Randomized Trial of Thymectomy in Myasthenia Gravis
The first reported use of thymectomy in patients with nonthymomatous myasthenia gravis was 75 years ago.1 Of six patients who underwent surgery, three had a favorable response. Subsequent retrospective studies have shown benefits of thymectomy in patients with nonthymomatous myasthenia gravis but with widely varying rates of clinical improvement or remission. A compilation of retrospective studies comparing surgery with medical management did not show a difference in remission rates.2 Two studies that showed clinical improvements after thymectomy indicated that benefit occurred in the first few years after the procedure, but after 5 years, rates of clinical improvement were similar among surgically treated patients and those who were treated medically.3,4 Observational studies have not shown benefits of thymectomy, perhaps because of the effectiveness of modern immunotherapeutic approaches.5
Despite calls for a randomized, controlled study, data are lacking, and uncertainty persists regarding the benefit of thymectomy and the clinical characteristics of the patients who should be offered the procedure.6,7 A systematic review8 of articles describing outcomes in 21 cohorts of patients with myasthenia gravis pointed out numerous methodologic flaws that prevented definite conclusions to be drawn regarding the benefits of thymectomy in patients with nonthymomatous myasthenia gravis.

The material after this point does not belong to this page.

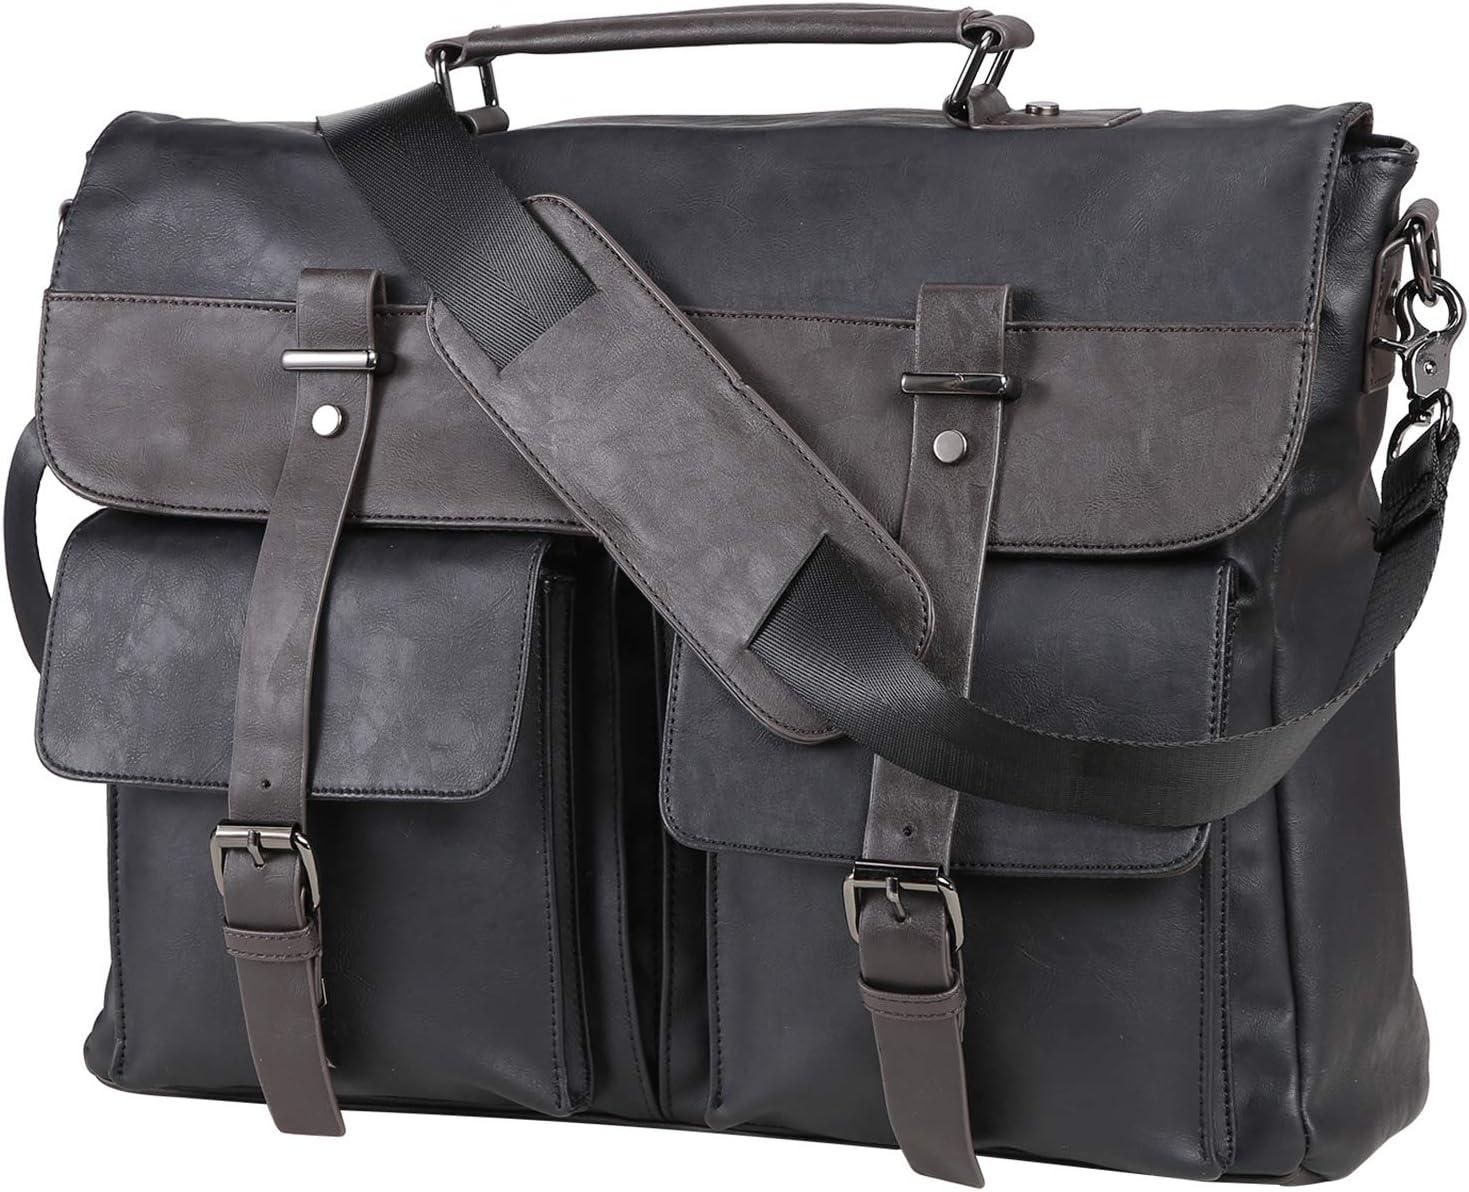 Unisex Leather Bag Man Leather Bag FREE SHIPPING Brushed Leather Messenger Bag Zippered Leather Bag Leather Vertical Laptop Bag

Glucocorticoids have been widely used for the treatment of myasthenia gravis either as the sole therapy or with thymectomy.9 Although adverse effects are not common with thymectomy, the procedure can cost up to $80,00010 and can be associated with operative complications that need to be weighed against benefits. Glucocorticoids and other immunosuppressive agents place patients at risk for adverse events, some of which are life-threatening, and affect quality of life. Therefore, establishing the role of thymectomy in patients receiving glucocorticoids to manage myasthenia gravis would guide decisions regarding treatment and the costs of health care.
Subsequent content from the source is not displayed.